In my last entry in this category, I described automorphic data models and how the Data Vault modeling components is one of the architectures/data models that will support dynamic adaptation of structure. In this entry I will discuss a little bit about the research I'm currently involved in, and how I am working towards a prototype of making this technology work.

If you're not interested in the Data Vault model, or you don't care about "Dynamic Data Warehousing" then this entry is not for you.

The Data Vault model has reached the height of flexibility by applying the Link tables. It is an architecture that is linear scalable and is based on the same mathematics that MPP is based on. Single Link tables represent associations, concepts linking two or more KEY ideas together at a point within the model. They also represent the GRAIN of those concepts.

Because the link tables are always a Many To Many, they are extracted away from the traditional relationship (1 to many, 1 to 1, and many to 1). The Links become flexible, and in fact, dynamic. By adding strength and confidence ratings to the link tables we can begin to gauge the STRENGTH of the relationship over time.

Dynamic mutability of data models is coming. In fact, I'd say it's already here. I'm working in my labs to make it happen, and believe me it's exciting. (only a geek would understand that one...) The ability to:

* Alter the model based on incoming where clauses in queries (we can LEARN from what people are ASKING of the data sets and how they are joining items together)
* Alter the model based on incoming transactions in real-time (by examining the METADATA) and relative associativity / proximity to other data elements within the transaction.
* Alter the model based on patterns DISCOVERED within the data set itself.
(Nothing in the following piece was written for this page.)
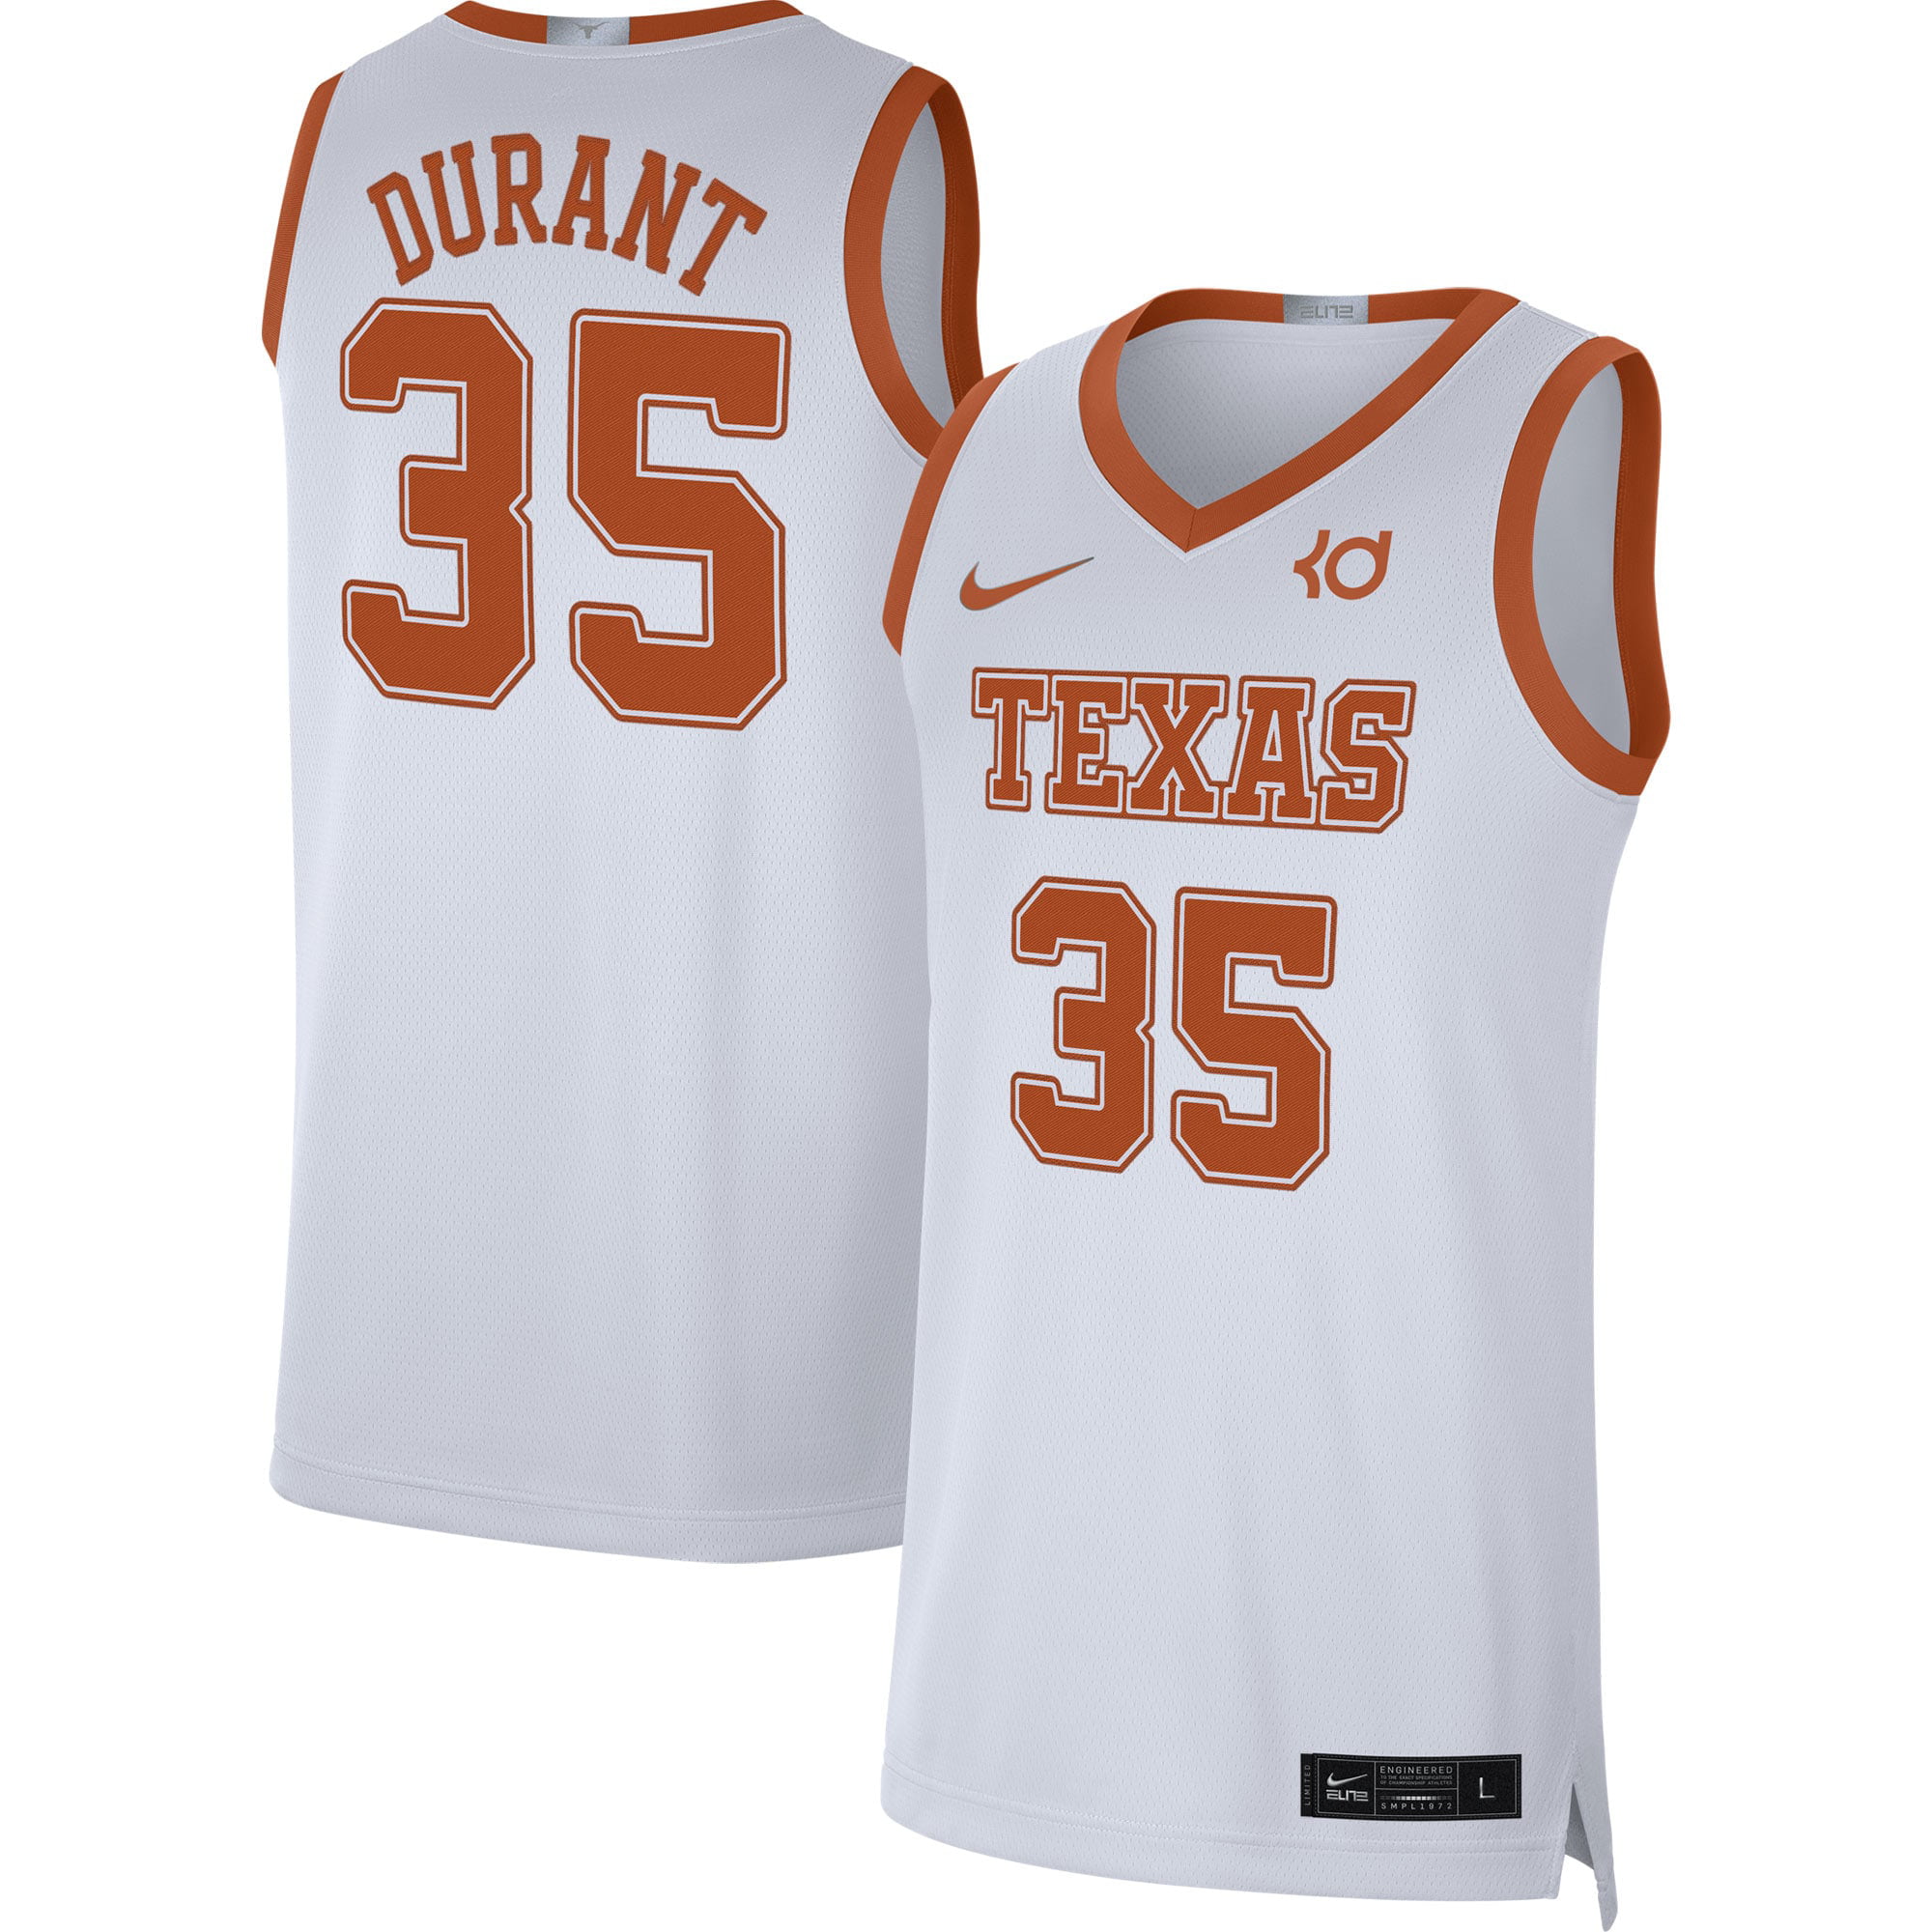 î€€Kevinî€ î€€Durantî€ Texas Longhorns Nike Alumni Player Limited Basketball î€€Jerseyî€ - White - Walmart.com

Patterns of data which were yet previously "un-connected" or not associated.

The dynamic adaptability of the Data Vault modeling concepts show up as a result of these discovery processes. I'm NOT saying that we can make machines "think" but I AM suggesting that we can "teach" the machines HOW the information is interconnected through auto-discovery processes over time. This mutability of the structure (without losing history) begins to create a "long term memory store" of notions and concepts that we've applied to the data over time.
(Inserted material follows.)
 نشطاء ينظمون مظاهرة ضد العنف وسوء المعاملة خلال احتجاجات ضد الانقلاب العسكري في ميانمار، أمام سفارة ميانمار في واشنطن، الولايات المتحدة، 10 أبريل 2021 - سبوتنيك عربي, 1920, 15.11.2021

Through recording a history of our ACTIONS (what data we load, and how we query) we can GUIDE the neural network into better decision making and management over the structures underneath. This includes the optimization of the model, to discovery of new relationships that we may not have considered in the past.

The mining tool is:
* Mining the data set AND
* Mining the queries AND
* Mining the incoming transactions

to make this happen. We've known for a very long time that Mining the data can reap benefits, but what we are starting to realize NOW is that mining these other components really drive home new benefits we've not considered before. In the Data Vault Book (the new business supermodel) I show a diagram of convergence (which has been bought off on by Bill Inmon). Convergence of systems is happening, Dynamic Data Warehousing is happening.
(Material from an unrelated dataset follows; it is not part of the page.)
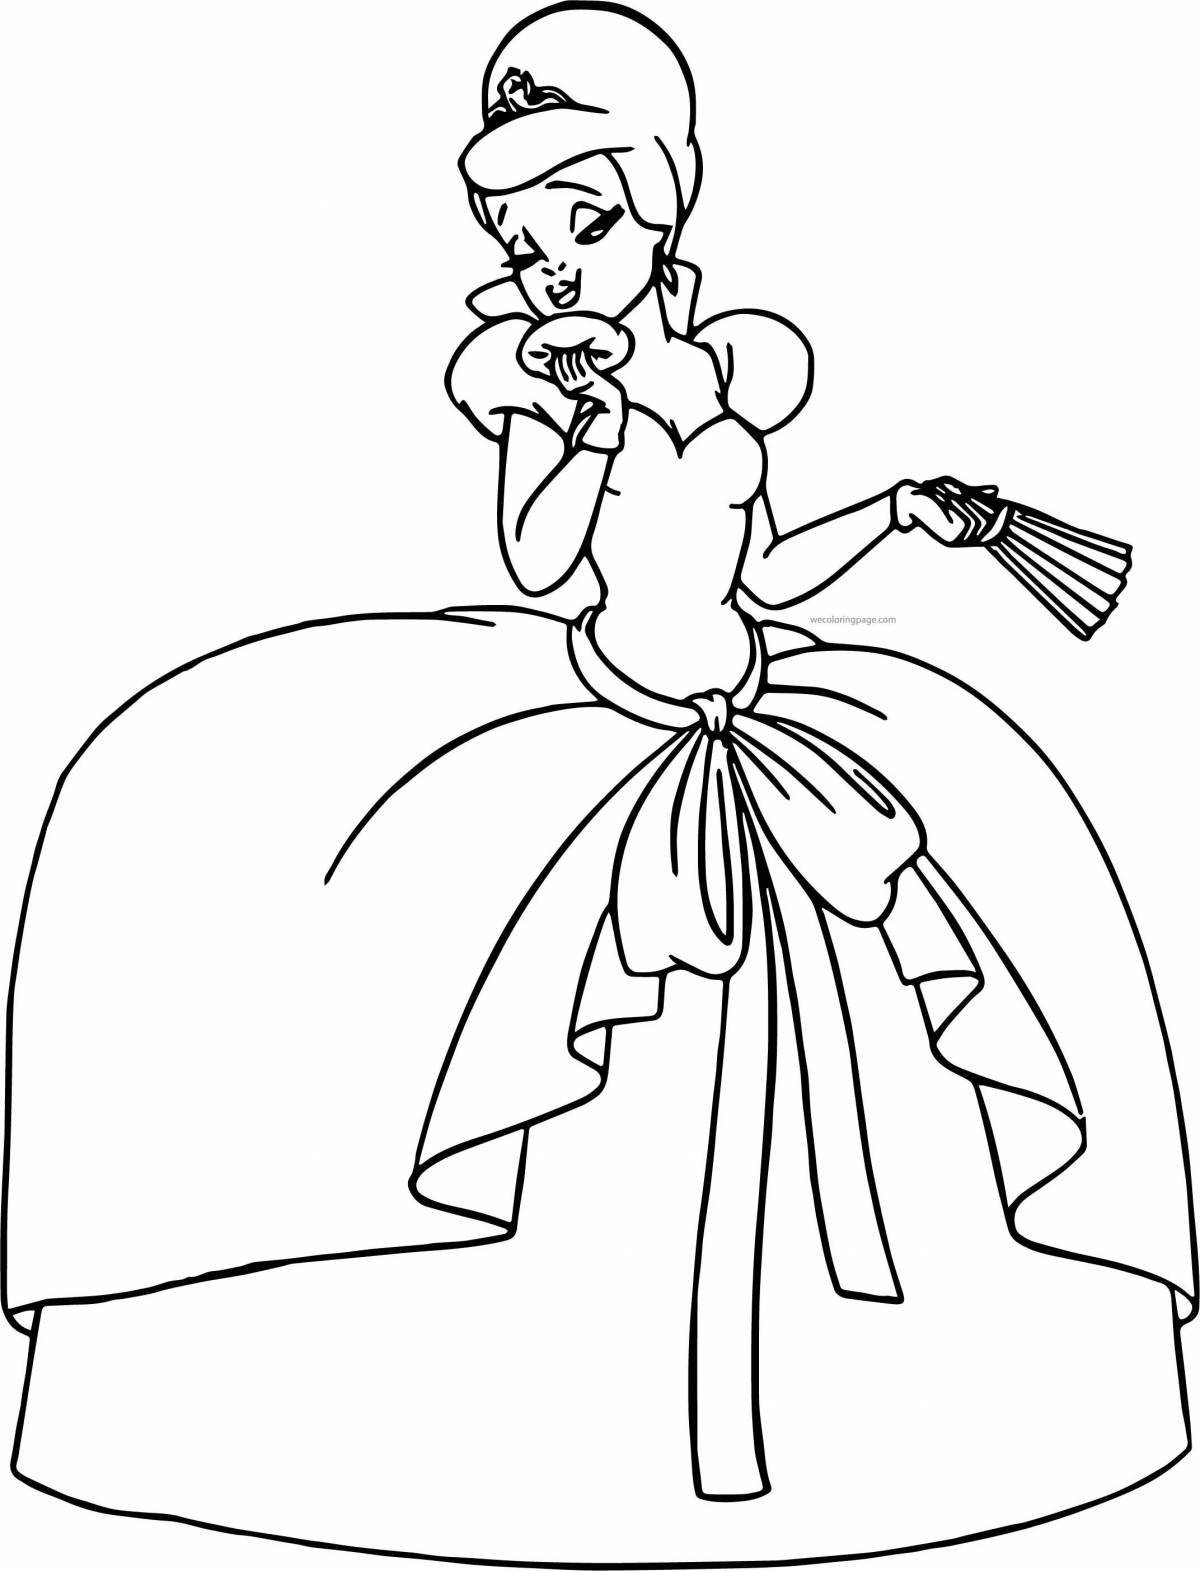 Beautiful princess diana coloring page

These neural networks work together to achieve a goal: creating and destroying link tables over time (dynamic mutability of the data model) while leaving the KEYS (Hubs) and the history of the keys (Satellites) in-tact. Keep in mind that the Satellites surrounding Hubs and Links provide CONTEXT for the keys.

I've already prototyped this experiment at a customer, where I personally spent time mining the data, the relationships, and the business questions they wanted to ask. I built 1 new link table as a result with a relationship they didn't have before. We used a data mining process to populate the table where strength and confidence were over 80%. The result? Their business increased their gross profit by 40%. They opened up a new market of prospects and sales that they didn't previously have visibility to.

Again, I'm building new neural nets, new algorithms using traditional off the shelf software and existing technology. It can be done, we can "teach" systems at a base level how to interact with us. They still won't think for themselves, but if they can discover relationships that might be important to us, then alert us to the interesting ones - then we've got a pretty powerful sub-system for back-offices.

More on the mathematics behind the Data Vault is on its way. I'll be publishing a white paper on the mathematics behind the Data Vault Methodology and Data Vault Modeling on B-Eye-Network.com very shortly.

Posted August 27, 2008 5:54 AM
Are you talking about an intersect type table?

I'm not great at "reading" word problems...any pics of the model (simple of course)?

I definitely like the idea of the neural network...


Hi Chet,

Yes, I am referring to an intersect type table. In 3rd normal form modeling it's also known as a hierarchical recursive relationship table.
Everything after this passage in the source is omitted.